I read a managerial training article recently that addressed employee personalities, and began thinking about my own two employees in terms of the nine personality traits that the article outlines. As the article suggests, these traits are nothing to "freak out" over; as a manager, I just think they're interesting to think about for both training and posterity. Perhaps when the employees have been with the company for twenty years or so, they can look in this file for some help "finding themselves." Whatever that means.

1. Activity Level
K.Lo: She's an active one, more high-key than Management, anyway. At times, she seems unstoppable, and if Management were ever to defy all laws of nature and eliminate the Night Shift, this employee might think it was the most fantastic company decision ever.

N.Lo: Still limited to the Floor Area during the Day Shift, so it's hard to tell just yet. He is content to observe, but occasionally will kick and flail up quite a storm during work activities.

2. Regularity
K.Lo: Responds well to somewhat of a routine and daily structure, but does better if you shake it up now and again. Afternoon Break must be between 1 PM and 1:30 PM, or all hell breaks loose in the office; likewise, the Night Shift begins between 8 PM and 8:30 PM. Office excursions are generally limited to the Morning Shift. Within these parameters, however, the employee becomes restless if day after day presents the same old tasks.

N.Lo: Thrives on routine, particularly with the Night Shift. Dinner schedule is rock solid. Functions in many ways like clockwork.
3. Sociability
K.Lo: Loves to be around people, always has. Too many people in one setting is initially overwhelming, as are new people. Also, though: will openly stare down/size up certain people for no apparent reason. Loves her coworker and often sings the praises of both colleagues and our extended training network.

N.Lo: Smiles a lot, with just about anyone, but most responsive to The Manager, about which The Manager is secretly--okay, not-so-secretly pleased.

4. Adaptability
K.Lo: Adaptability is very dependent on mood and circumstances. I give this employee a lot of credit for high adaptability in social situations and on office excursions or retreats.
N.Lo: Being so new to the company, the New Guy is still becoming aware of his surroundings and therefore is adaptable by default.

5. Intensity

K.Lo: Yes, she is intense.

N.Lo: He is much more low-key. Though he has had his moments of full-fledged employee dissatisfaction, it takes a dire set of circumstances to get him there.
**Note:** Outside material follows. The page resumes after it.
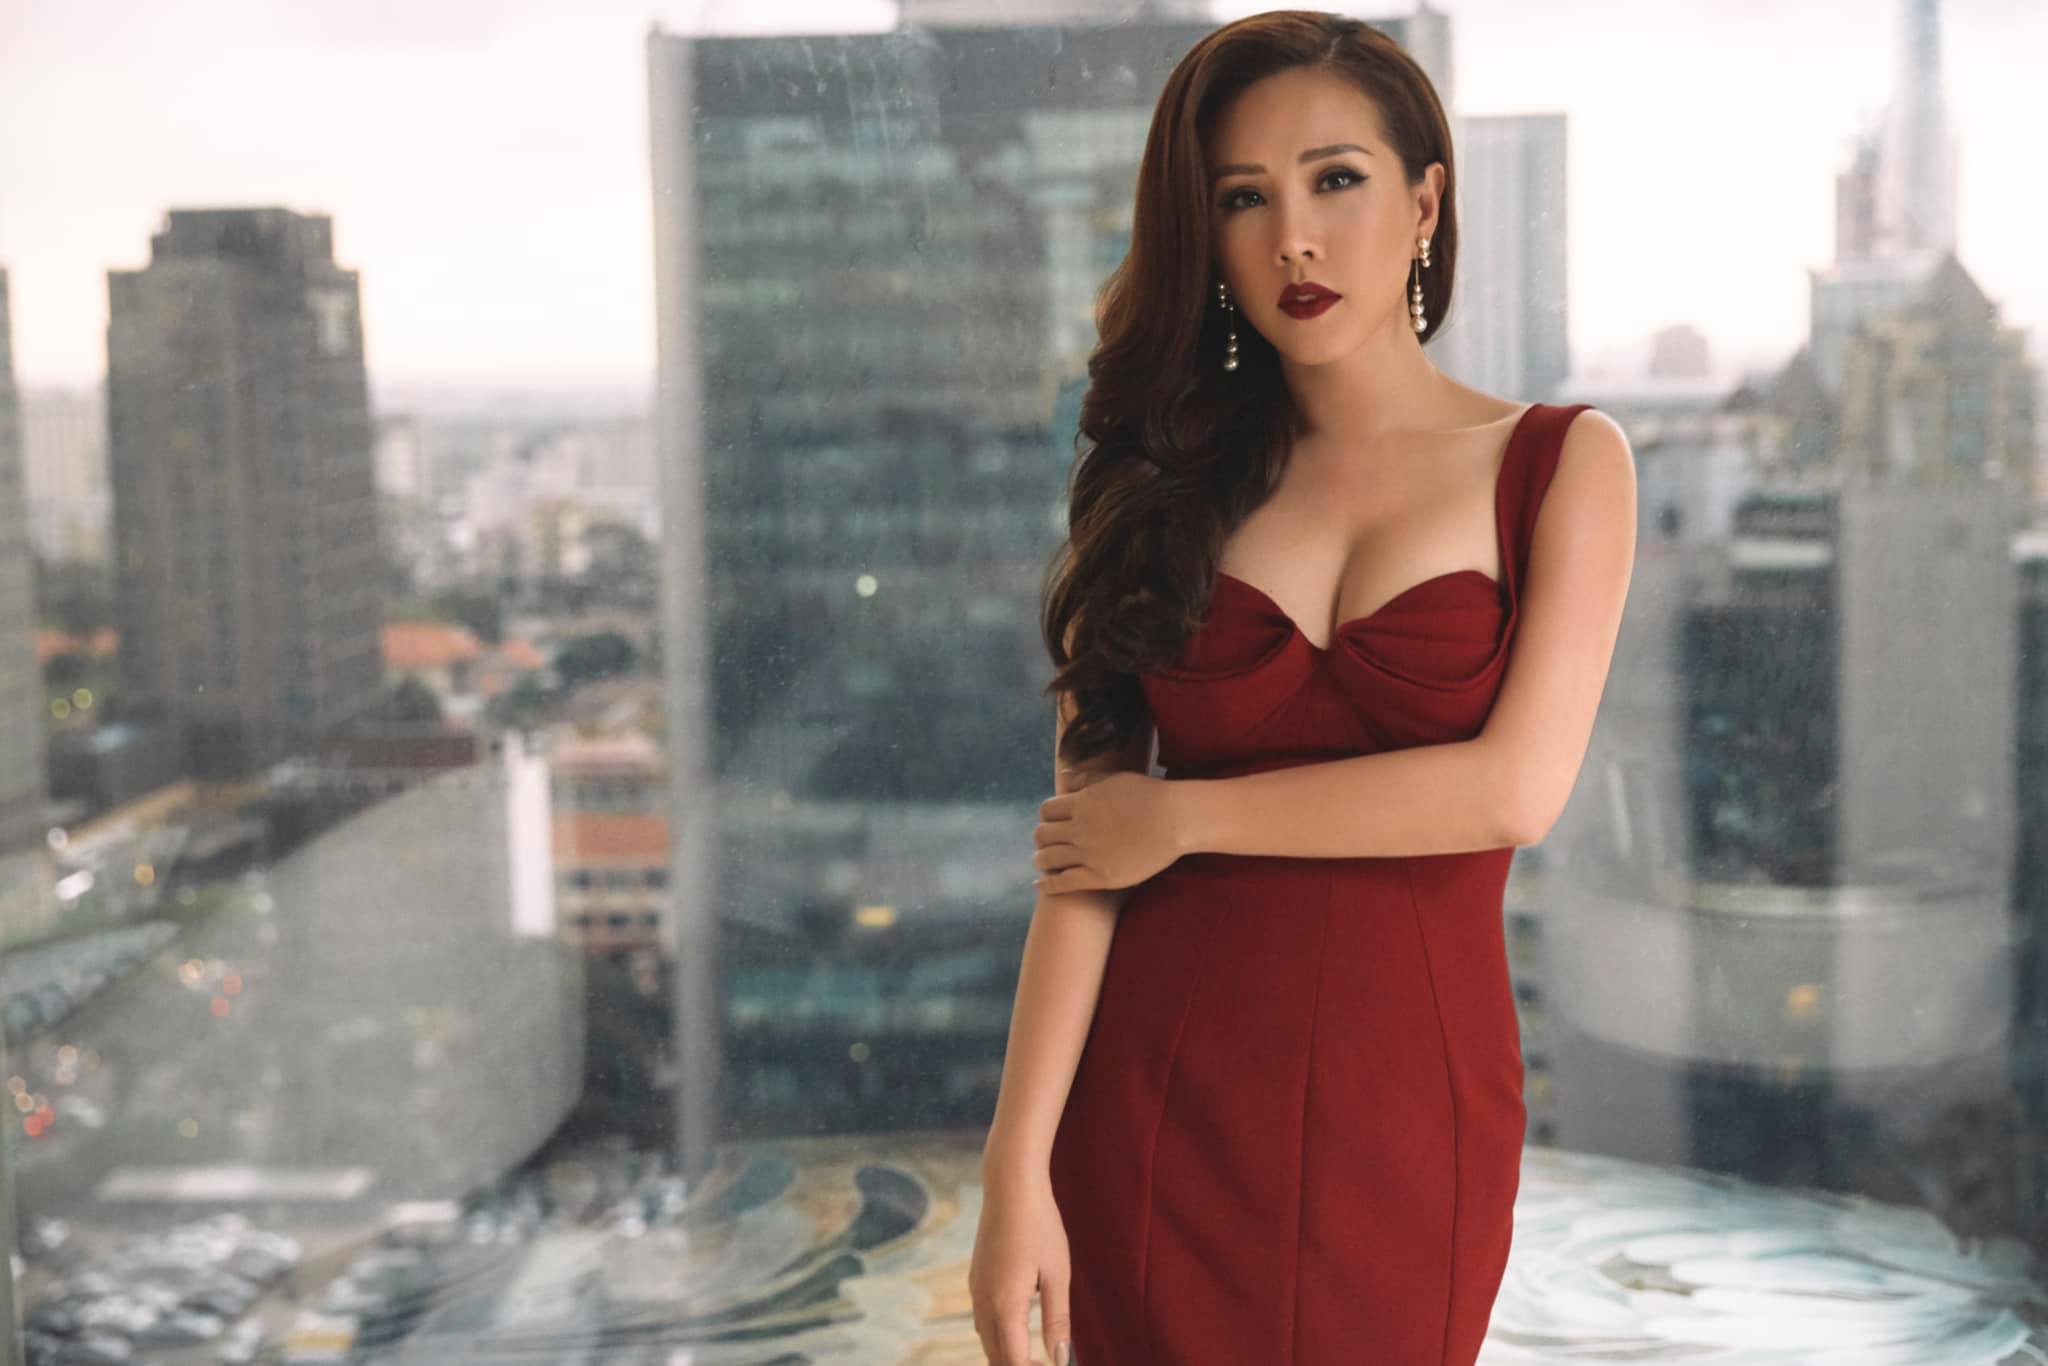 Hoa hậu có hợp đồng hôn nhân triệu đô với bạn trai Việt kiều, kiếm 10 tỷ mỗi tháng: Sự thật ngã ngửa

His complaints are relatively few and do not often escalate.

6. Disposition
K.Lo: Perhaps the most complex aspect of K.Lo's personality. Perhaps it is the most complex aspect of any female employee's personality. When she is happy, she can be most pleasant and highly entertaining. She is, as a stranger once commented, "magnetic." When is she not happy, on the other hand, she can be quite a bear, and Managerial Patience Reserves deplete quickly. See traits 7 and 8.
N.Lo: Mainly pleasant, though like everyone has his moments or days.

7. Distractibility
K.Lo: No, she is not easily distracted. If she wants something, she is single-mindedly driven to have it. As an adult, this trait will serve her much better than it does as a two-year employee.
N.Lo: Seemingly distractable, unless he is facing an especially difficult work obstacle.

8. Persistence:
K.Lo: Yes, she is extremely persistent. Tenacious! In the positive sense, this employee possesses quite a bit of contagious enthusiasm for workplace ventures. In the negative sense, the employee is not yet able, at all, to reign in her desires.
N.Lo: If faced with a difficult work obstacle, the employee will request assistance, but initial requests are calm. However, at this juncture in his career, needs and obstacles are admittedly simple and few.

9. Sensitivity:
K.Lo: Possibly sensitive, as shown in her reactions to loud noises, such as bus brakes and airplanes and barking dogs. However, her "fright" may be just a phase.
N.Lo: Possibly sensitive. Workplace morale improves significantly when physical conditions are improved, such as a new diaper or changed shirt.
Conclusions: The employees might just be polar opposites? At least in terms of temperament and routine. However, insofar as their working relationship, they may eventually complement each other's work styles very well. Overall, because N.Lo is so new to the company, and K.Lo is still a relative new-hire herself, the true nuances of each trait remain to be seen.